High levels of homocysteine and cysteine have also been shown to elicit a negative effect on β-cell function. In obese hyperinsulinaemic T2DM patients, homocysteine levels are increased, while they are increased in T1DM patients, but only following disease-related complications such as diabetic nephropathy [11,33]. It has been suggested that homocysteine can decrease GSIS in rat pancreatic β-cells [34], although the inhibitory mechanism is still not fully understood. It may decrease insulin secretion by altering enzyme and/or protein activity, or by causing oxidative stress [35,36]. In addition, homocysteine can be converted to asymmetric dimethylarginine, which is inhibitor of neuronal NOS and can also inhibit iNOS to a lesser extent and therefore may reduce NO production, which is important for β-cell insulin secretion and function [10,37]. In contrast, cysteine has been shown to increase β-cell GSIS at low concentrations [38] and is essential for antioxidant defence and glutathione synthesis, along with glycine and glutamate. Cysteine supplementation was found to protect β-cells from hydrogen peroxide (H2O2)-induced cell death and prevented glucotoxicity in mouse β-cells [39,40]. However, at elevated concentrations, it impaired GSIS through excessive hydrogen sulphide (H2S) formation [41].

Glutamine is required for β-cell metabolism and function, and is consumed at rapid rates [10]. Glutamine supplementation does not induce insulin release [10], but co-treatment with leucine significantly enhances GSIS via activation of glutamate dehydrogenase (GDH), allowing entry of glutamine into the TCA cycle (Fig. 2) [42]. It has been suggested that glutamine alone does not induce insulin secretion because it is not oxidised during its metabolism. Instead, metabolism of glutamine may yield aspartate and GABA (γ-aminobutyric acid), a potent inhibitor of glucagon secretion (Fig. 2) [3]. However, using NMR studies, we found that the major products of glutamine metabolism were aspartate and glutamate. Here, glutamate entered the γ-glutamyl cycle and increased the synthesis of the antioxidant, glutathione [43]. Formation of glutamate from glutamine also has important implications in activation of the aspartate/glutamate shuttles and in ATP production from the TCA cycle, via glutamate metabolism to α-ketoglutarate. Consequently, glutamine may function to enhance ATP production and insulin release by changes in down-stream metabolism, most notably via glutamine-derived glutamate. Alternatively, glutamate can be transported externally from the cell and into the surrounding matrix, which may cause glutamate receptor activation and desensitisation if the rate of release is over extended periods [44]. Since glucagon secretion from pancreatic α-cells is sensitive to glutamate exposure, its release may represent a novel paracrine control mechanism for modulation of blood carbohydrate levels [44]. Some groups have reported that total intracellular glutamate levels increased in response to glucose, while others reported no significant change [25,45,46]. Recently, it has been suggested that glutamate is transported into insulin-containing vesicles, thereby promoting Ca2+-dependent insulin secretion [47]. However, the role of glutamate in mediating insulin secretion remains hotly debated.
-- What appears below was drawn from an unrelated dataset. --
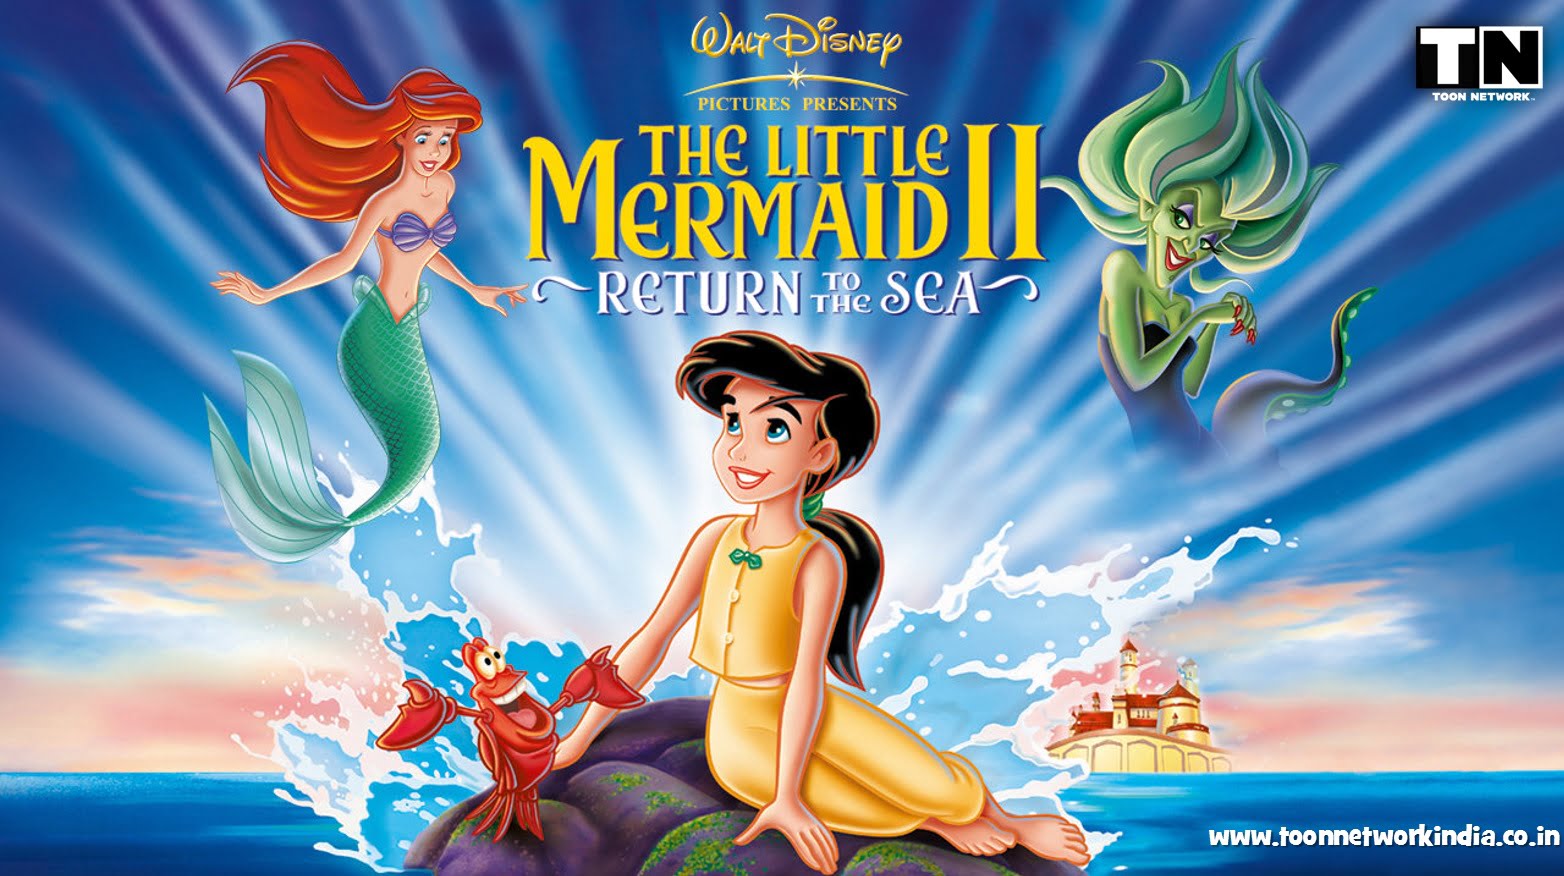 Download The Little Mermaid Return To The Sea Free chasahsh :: A Wife

Taken together, this evidence suggests that a variety of amino acids may contribute significantly to regulation of pancreatic β-cell insulin secretion. However, other β-cell metabolic processes are important to insulin secretion and must be considered. These include four key metabolic shunts that divert glucose from being utilised by TCA cycle (i.e.,aldose reductase, pentose-phosphate, glycogen synthesis and hexosamine pathways; please, see Fig. 4) as well as down-stream glycolytic enzymes such as PC and PDH, and also enzymes involved in fatty acid metabolism like acetyl CoA carboxylase (ACC) and fatty acid synthase.

Figure 4.

Flux balance analysis of glucose utilisation in β-cells. The fluxes through the biochemical pathways shown here were calculated by using Michaelis-Menten function, intracellular metabolite concentrations estimated from different works. Percentages in parentheses refer to the proportional amount of the metabolite consumed through that step. AR, aldose reductase; ARE, antioxidant response (ARE) elements in the promoter regions of target genes; F6P, fructose-6-phosphate; G6P, glucose-6-phosphate; G6PDH, glucose-6-phosphate dehydrogenase; G6PI, glucose-6-phosphate isomerase (a.k. as phosphoglucoisomerase); γ-GCS, glutamate cysteine ligase, a.k. as γ-glutamylcysteine synthetase; GFAT, glutamine:fructose-6-phosphate amidotransferase a.k. as GFPT, for glutamine-fructose-6-phosphate transaminase; Gluc, glucose; GS, glycogen synthase; GSIS, glucose-stimulated insulin secretion; GSK-3β, glycogen synthase kinase-3β; HSF-1, heat shock transcription factor-1; HSP70, the 70-kDa family of heat shock proteins (includes both hsp72, encoded by the HSPA1A gene, and hsp73, a.k. as hsc70, encoded by the HSPA8 gene); Keap1, Kelch-like ECH-associated protein 1; Nrf2, Nuclear factor erythroid 2-related transcription factor 2; OGT,O-N-acetylglucosamine transferase, a.k. as UDP-N-acetyl-D-glucosamine:protein-O-β-N-acetyl-D-glucosaminyl transferase and uridine diphospho-N-acetylglucosamine:polypeptide β-N-acetylglucosaminyl transferase; PFK, phosphofructokinase; PGmutase, phosphoglucomutase; UGP, UDP-glucose pyrophosphorylase.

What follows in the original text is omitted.